■ **Problem description**
The answer must be only the lines below from the one holding "Martin Luther King" down to the one holding "Randy Orton competed", ends included, printed exactly; please omit all pictures.

■ **Exercise data**
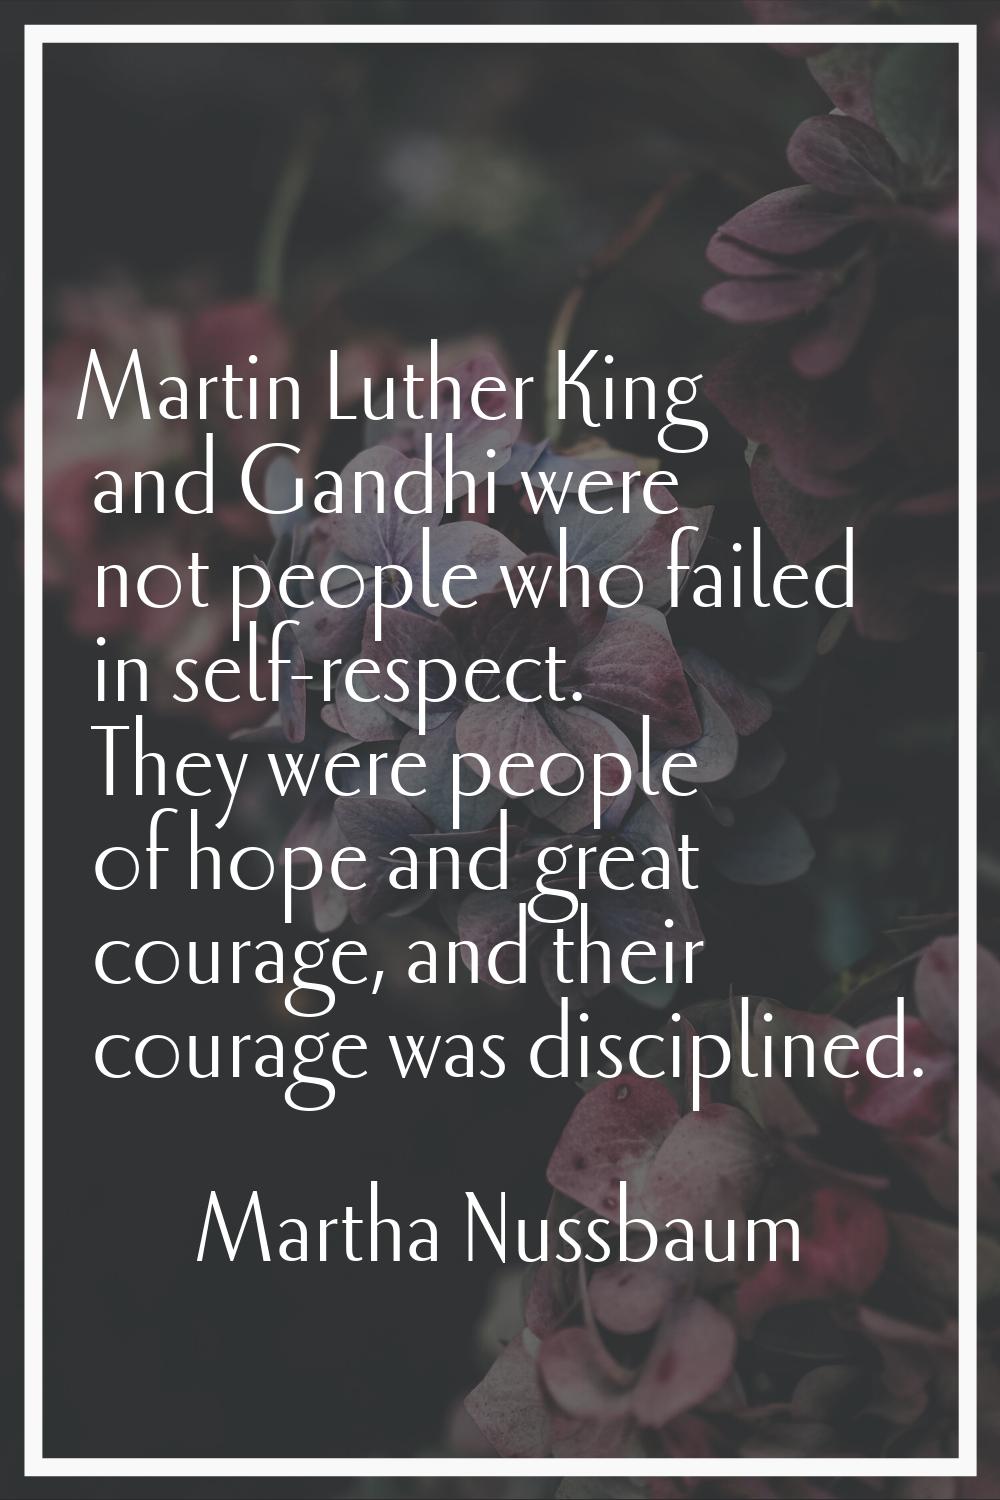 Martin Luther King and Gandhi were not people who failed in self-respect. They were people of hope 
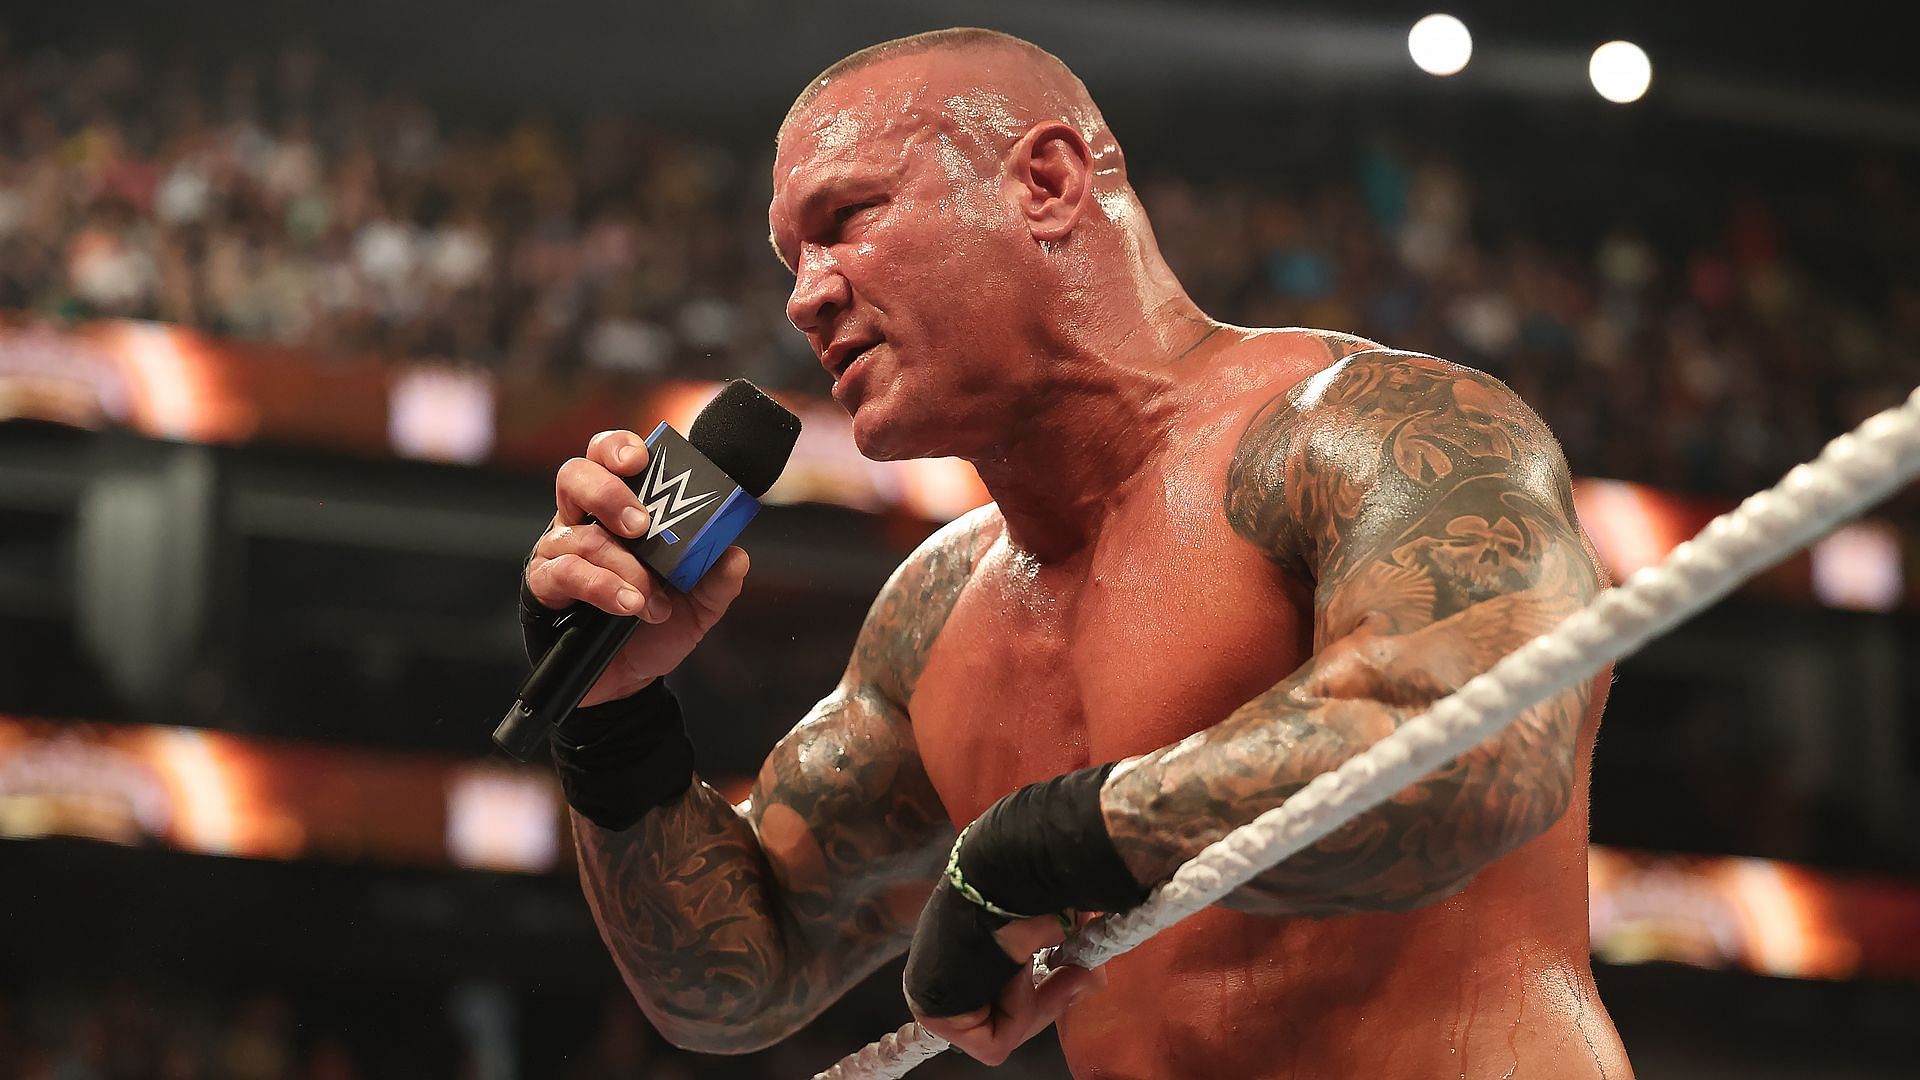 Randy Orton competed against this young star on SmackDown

* * *

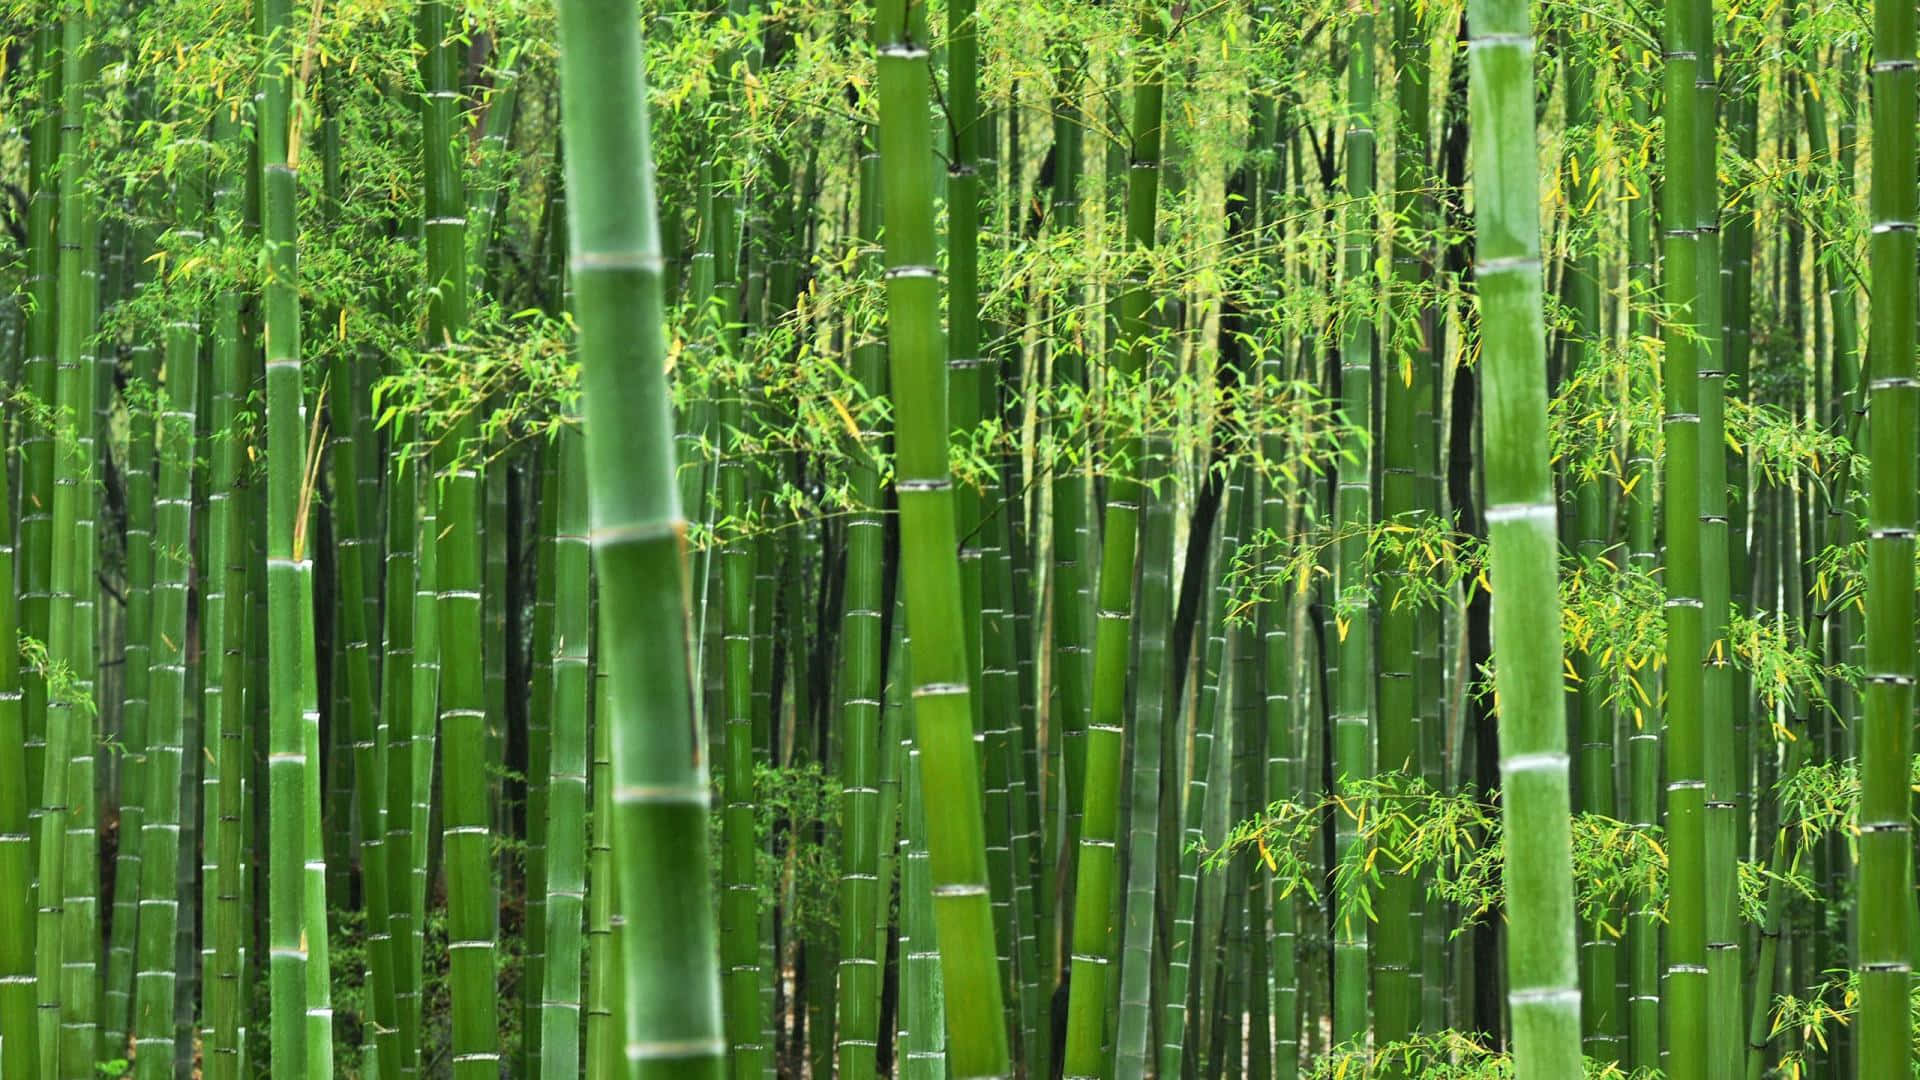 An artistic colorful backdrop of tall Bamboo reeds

■ **Response to the exercise**
 Martin Luther King and Gandhi were not people who failed in self-respect. They were people of hope 
 Randy Orton competed against this young star on SmackDown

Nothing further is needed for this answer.